Another Tomo splashed into the vat. Her name was Matua. She was a generation younger than Arita.

“You can join me,” Arita said. “I will not harm you. There is still hope for the Colony.”

Matua offered Arita her stun rod while speaking gibberish. Arita realized her mental blast had stunned several Tomo on the mental landscape. She rested a hand on the back of Matua’s skull, and with the aid of aro and a trick of concentration, she fanned away the jumble of thoughts in Matua’s mind until she found the younger Tomo.

Matua’s eyes held Arita’s as she worked. Through the joining, Arita learned the source of her fright was Karey. When she came back to herself, she spoke. “I blocked the others with the mandible,” she said. “I will cover your escape from here.”

“You are not Engaro?”

“No. You trained me since I was a hatchling and even though I was generation under you, you treated me as an equal. I have seen what the Engaro are trying to create, and the way Karey treats those around her. She makes me fear for the future. I will fight with you.”

Arita handed the stun rod back to her new ally.

Matua looked at the corpse sinking to the bottom of the pit. “Tuki was Engaro, but Patti and Harra are on our side,” she said. “They are fighting with Gwyneth and Mari in the Amah’s chamber.”

Matua could not raise her gaze from Tuki’s sinking body.

“I didn’t know I could do that,” Arita said. “I wanted to stun her. She had me by the leg.”

Matua nodded. “It was a fine blast, the brightest I have ever experienced. When we get out of here, you must show me how you did it.”

“Arita! We are here!” Hadi shouted from an alcove one level above them. “We have cleared this channel to the docks, but we must go.”

Four more Tomo crawled from the upper channel. Two of them noticed Hadi in the lower channel’s alcove, then raced along the wall of the chamber toward him. The other two sprang for Arita and Matua.

Arita dove beneath the liquid while powering Hadi’s sword. She expelled air through vents near her rectum. Combined with the thrust of her legs, she propelled herself out of the arotea. She swung the glowing sword in an arc as she cleared the liquid. The blade severed the legs from a Tomo as it fell.

Matua was not as fortunate. The second Tomo pushed her under with the force of its dive. The two of them sank beneath the amber liquid like an anchor.

Arita flipped in the air and dove. Her time in the oceans of Tojisoon paid dividends. She caught the second Tomo easily. With a cleave of Hadi’s blade, she split the Tomo in half from her groin to her chest. She and Matua resurfaced next to the legless Tomo.

Her name was Kylee. She thrashed in the amber liquid like a dying fish. “My legs. My legs,” she repeated.
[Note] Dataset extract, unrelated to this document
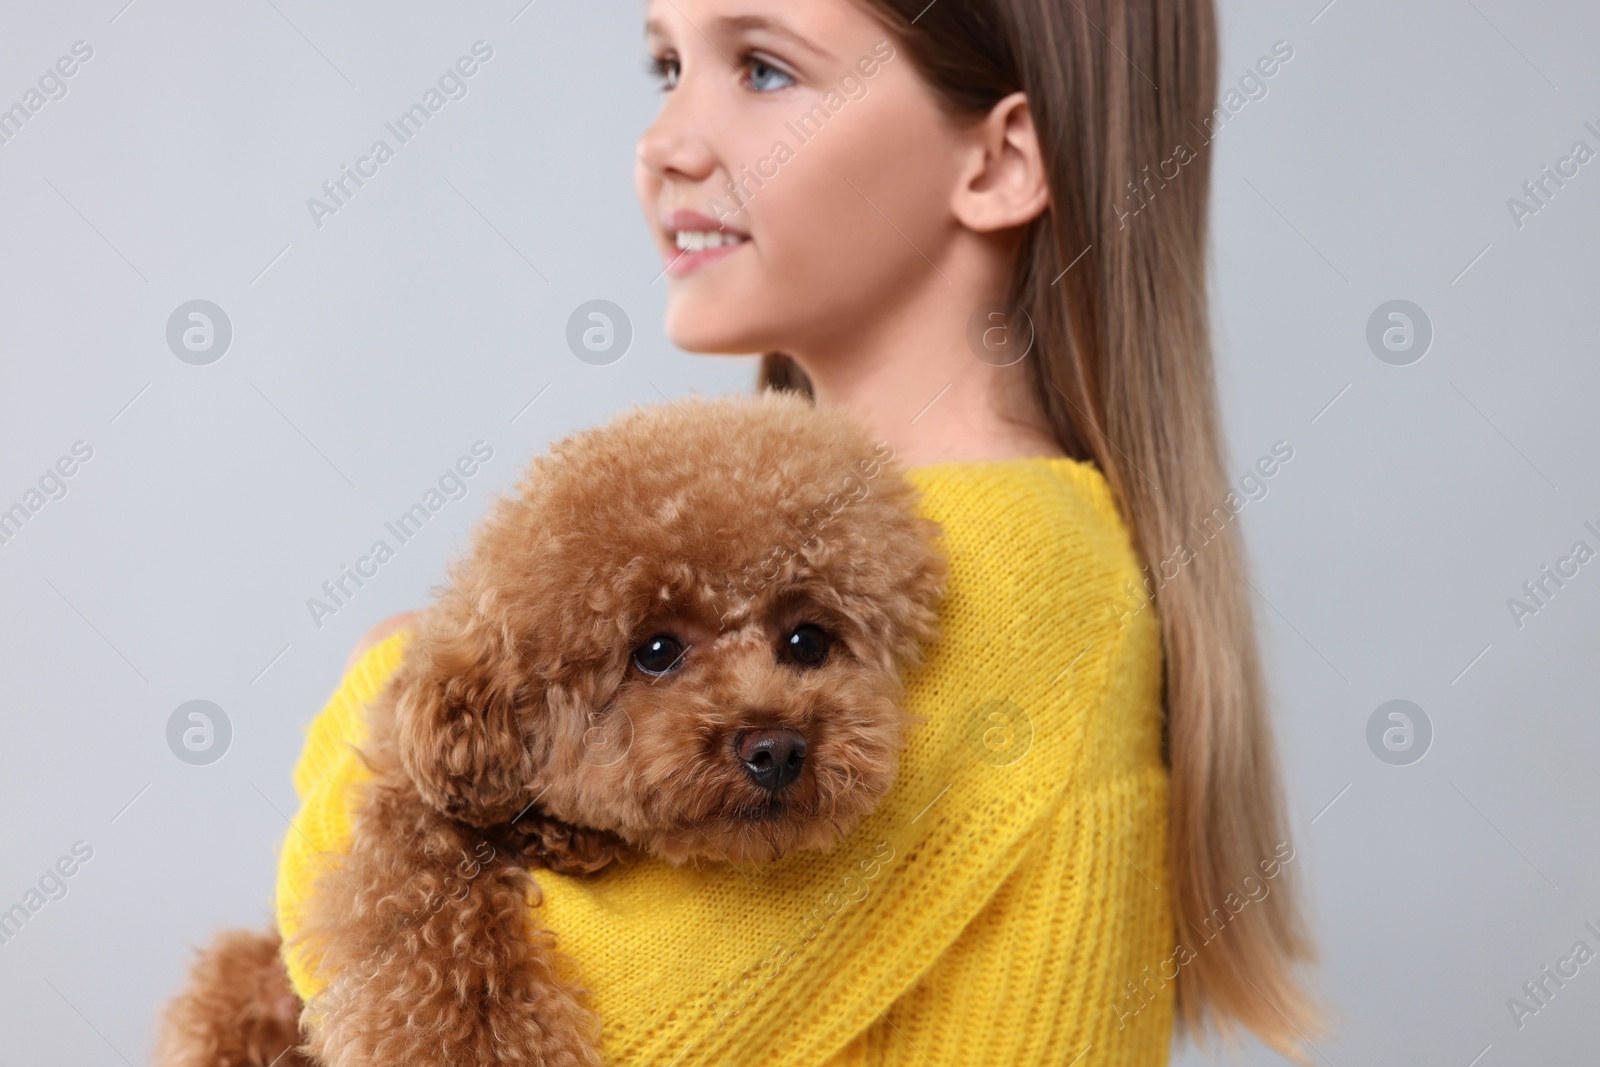 Photo of Little child with cute puppy on light grey background. Lovely pet

“Arotea and Aro can…” Arita started, but two more black figures fell next to her. They were stunned. She looked up to see Hadi glowing with his protective shield.

“We must go,” he repeated.

“Go with Hadi,” Arita said to Matua, who obeyed without question and climbed the wall to the opening.

“Arotea and Aro can regrow your legs,” Arita said to Kylee. “Concentrate on your aro. Send it to cover the pain, then close the wounds. You are in a vat of arotea. If you stay here for several turns and your legs will regrow.

“Yes. Aro, and arotea.” Kylee said. Her eyes went dark as she concentrated. She rested against the chamber’s wall. “Why didn’t you kill me?”

“Because I missed,” Arita said.

“You should kill me now,” Kylee said.

“I will not kill a Tomo that cannot harm me,” Arita said. “Orhatea do not kill each other. Not even when the Engaro cult has perverted them.”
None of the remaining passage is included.